I have two version of python script that scans the table in hbase by 1000 rows in while loop. 1st one using happybase as in https://happybase.readthedocs.org/en/latest/user.html#retrieving-rows
while variable:
for key, data in hbase.table(tablename).scan(row_start=new_key, batch_size=1000, limit=1000):
print key
new_key = key
the 2nd one using hbase thrift interface as in http://blog.cloudera.com/blog/2014/04/how-to-use-the-hbase-thrift-interface-part-3-using-scans/
scanner_id = hbase.scannerOpenWithStop(tablename, '', '', [])
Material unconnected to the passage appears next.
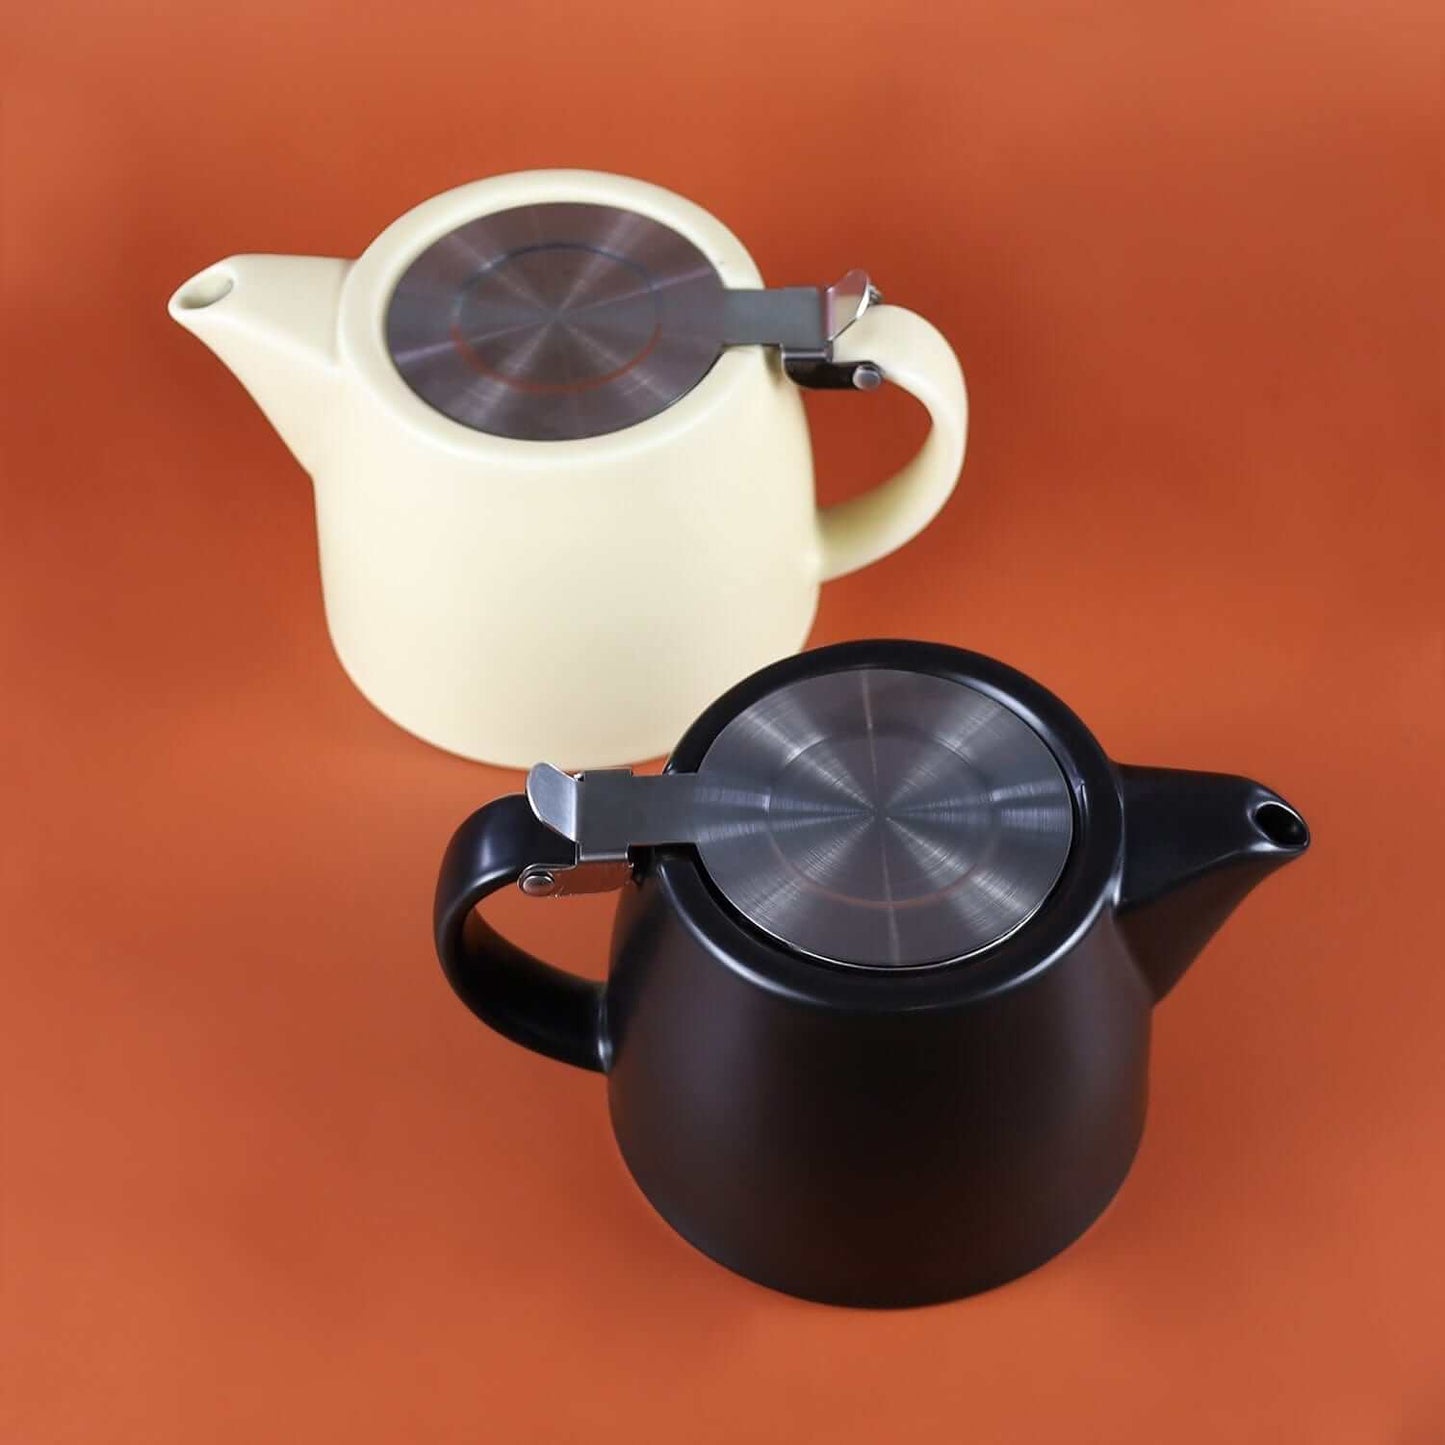 The Nordic Teapot: Black

data = hbase.scannerGetList(scanner_id, 1000)
while len(data):
for dbpost in data:
print row_of_dbpost
data = hbase.scannerGetList(scanner_id, 1000)
rows in database are numbers. so my problem is that in certain row something weird is happening:
happybase prints(rows):
... 100161632382107648
10016177552
10016186396
10016200693
10016211838
100162138374537217 (point of interest)
193622937692155904
193623435597983745...
and thrift_scanner prints(rows):
... 100161632382107648
10016177552
10016186396
10016200693
10016211838
100162138374537217 (point of interest)
100162267416506368
10016241167
10016296927 ...
and this is happening not in the point of next 1000 rows (row_start=new_scan or next data=scannerGetList), but in the middle of batch. And it happens every time.
I would say that 2nd script with scannerGetList is doing it right.
Why happybase doing it differently? is it considering timestamps or some other inside happybase/hbase logic? will it eventually scan the whole table, just in different order?
ps. i do know that happybase version will scan and print 1000th row two times, and scannerGetList will ignore the first row in next data. that is not the point, magic is happening in the middle of 1000 row batch.